Source and references: https://arxiv.org/abs/2410.17141v2

Introduction

This paper introduces a novel open benchmark for evaluating the performance of large language models (LLMs) in the domain of automated penetration testing. The goal is to drive progress and assess the capabilities of these models in security contexts.

Key Points

The authors introduce a comprehensive, open-source benchmark for LLM-based automated penetration testing, addressing a critical gap in existing research.
They evaluate the performance of two popular LLMs, GPT-4o and Llama 3.1-405B, using the state-of-the-art PentestGPT tool.
The findings reveal that while Llama 3.1 demonstrates an edge over GPT-4o, both models currently fall short of performing fully automated, end-to-end penetration testing.
The authors present ablation studies that provide insights into improving the PentestGPT tool and illuminate the challenges LLMs face in each aspect of penetration testing.

Methodology

The researchers developed a novel benchmark using Vulnhub virtual machines and established clear rules to minimize human involvement in the evaluation process. They assessed the performance of PentestGPT with GPT-4o and Llama 3.1-405B, limiting each test to a maximum of five attempts, except for the initial enumeration task which allowed ten.

Results and Findings

The results show that Llama 3.1-405B outperforms GPT-4o across various difficulty levels and task categories, particularly in reconnaissance, general techniques, and exploitation tasks. However, both models struggle with privilege escalation tasks, and neither was able to gain root-level privileges in any of the machines without failure.

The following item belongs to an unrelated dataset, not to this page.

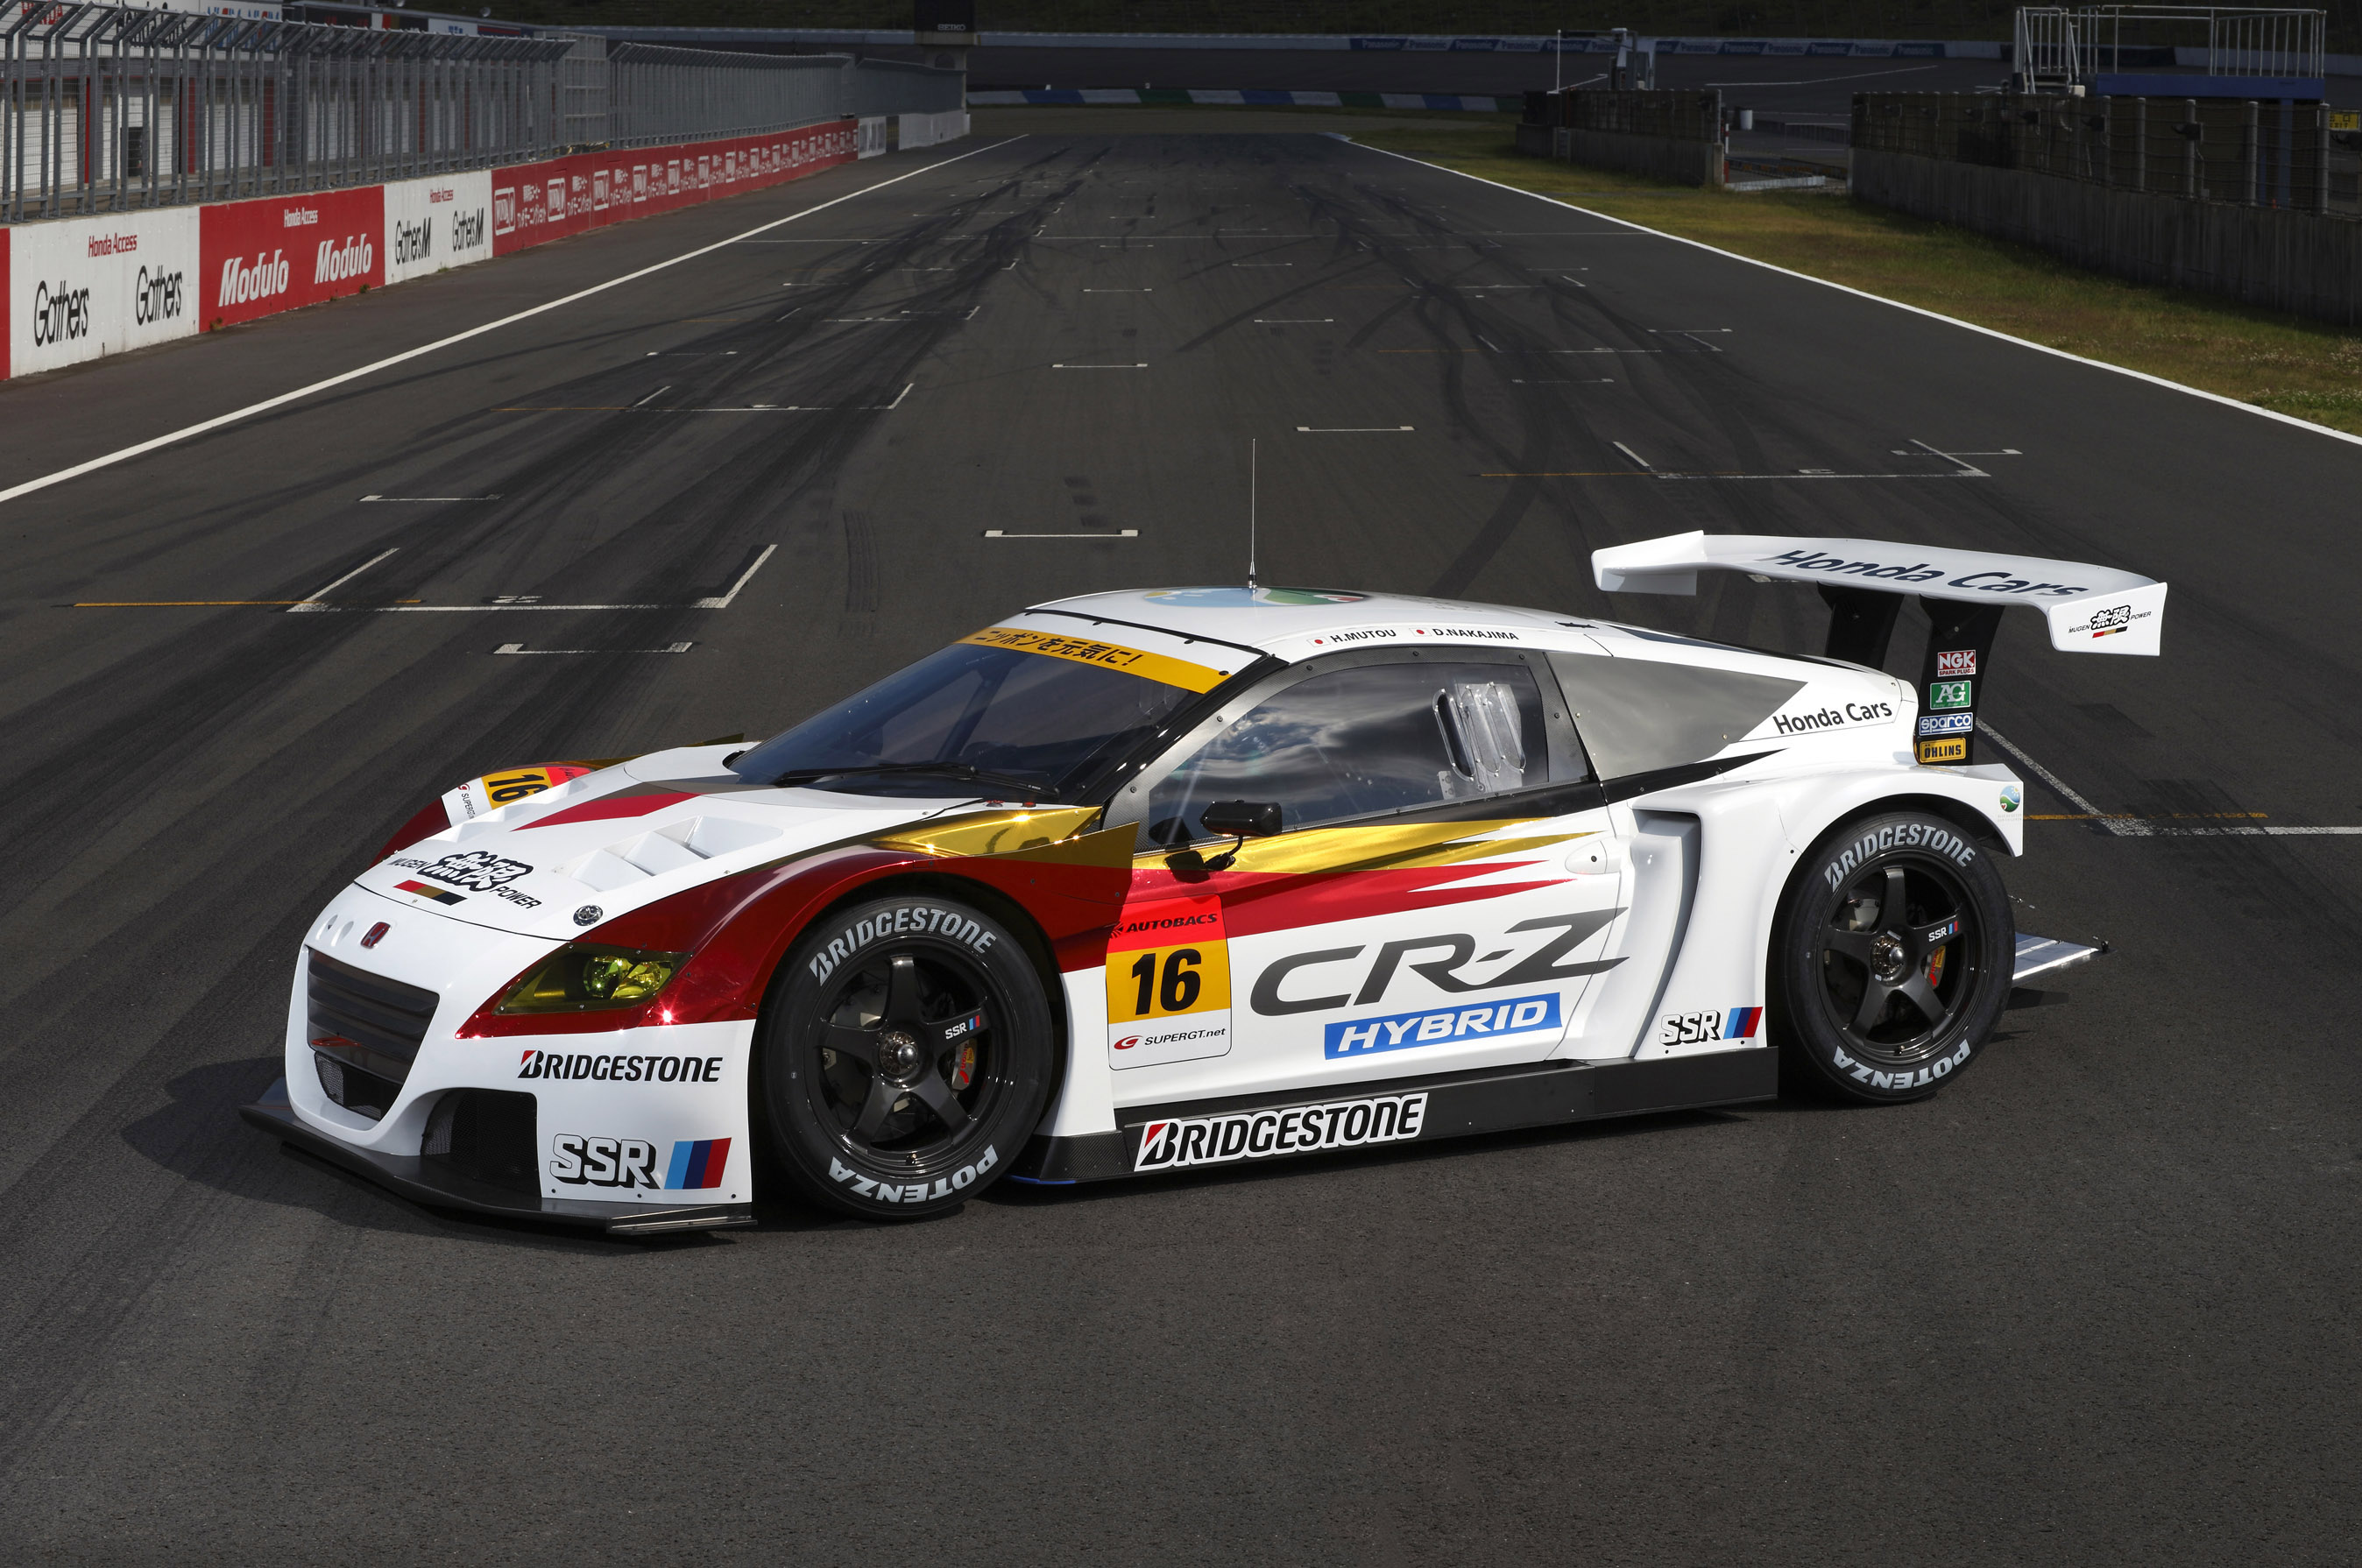 Honda has announced MUGEN CR-Z GT featuring racing hybrid system

Implications and Conclusions

This work contributes to the growing body of knowledge on AI-assisted cybersecurity and lays the foundation for future research in automated penetration testing using large language models. The benchmark and findings provide valuable insights into the current limitations of LLMs in security contexts, guiding future improvements in this field.

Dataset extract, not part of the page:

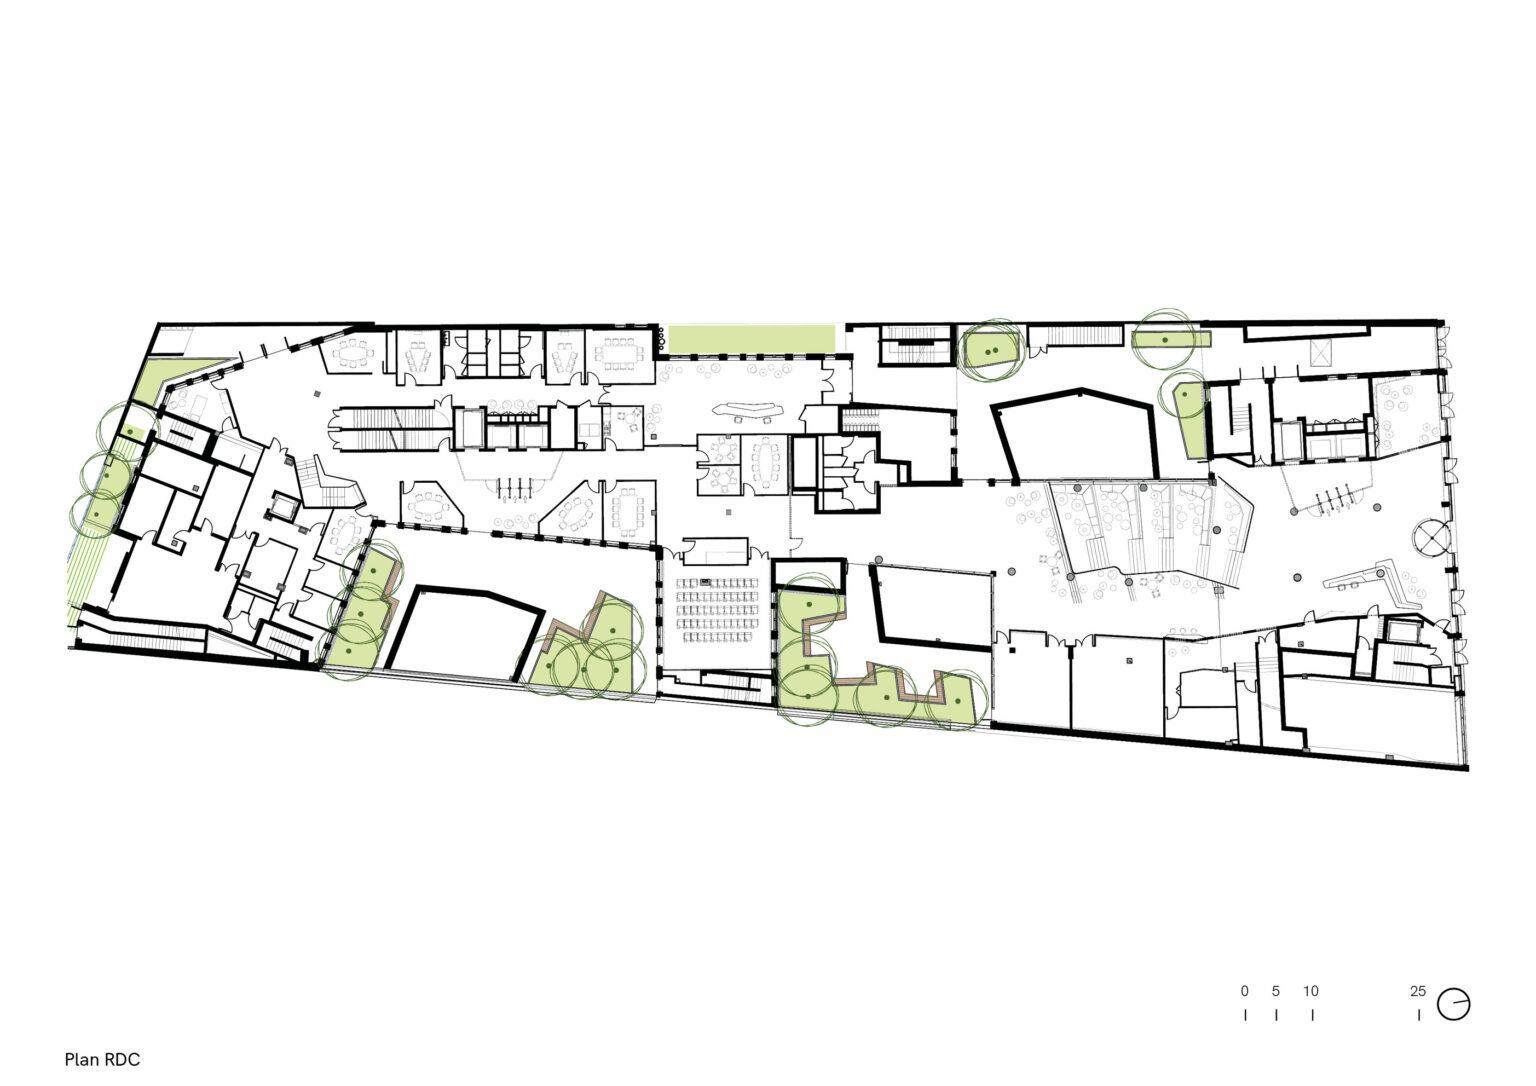 185 avenue Charles de Gaulle, Neuilly, plan rdc

Brain-like Functional Organization within Large Language Models

Authors: H. Sun, L. Zhao, Z. Wu, X. Gao, Y. Hu, M. Zuo, W. Zhang, J. Han, T. Liu, X. Hu

Source and references: https://arxiv.org/abs/2410.19542v1

Introduction

This research paper explores the functional organization within large language models (LLMs), such as BERT and the Llama family, and investigates whether they exhibit brain-like organizational principles.

Get 7 day free trial

Key Points

The study aims to directly couple sub-groups of artificial neurons (ANs) in LLMs with functional brain networks (FBNs) observed in the human brain.
Representative temporal response patterns of ANs are extracted and used as regressors to construct voxel-wise encoding models that predict brain activity recorded via fMRI.
This framework enables the delineation of brain-like functional organization within LLMs by linking AN sub-groups to FBNs.
The analysis examines the evolution of brain-like functional organization across four LLMs (BERT and Llama 1-3).
The findings reveal that LLMs exhibit brain-like functional architecture, with AN sub-groups mirroring the organizational patterns of well-established FBNs.

Methodology

The researchers define ANs as the neurons in the second fully connected layer of the feed-forward network within each transformer block of the LLMs. They extract representative temporal response patterns of these ANs using a sparse representation scheme and use these patterns as regressors in voxel-wise encoding models to predict fMRI brain activity. The encoding coefficients associated with each pattern reveal how that pattern couples with the functional activity of the entire brain.

Results and Findings

The results show that the temporal responses of ANs can be effectively represented by the learned dictionary, with higher R2values observed for BERT compared to the Llama family. The brain maps reveal intricate functional interactions and competitions among well-established FBNs, with consistent patterns of FBN engagement observed across the four LLMs.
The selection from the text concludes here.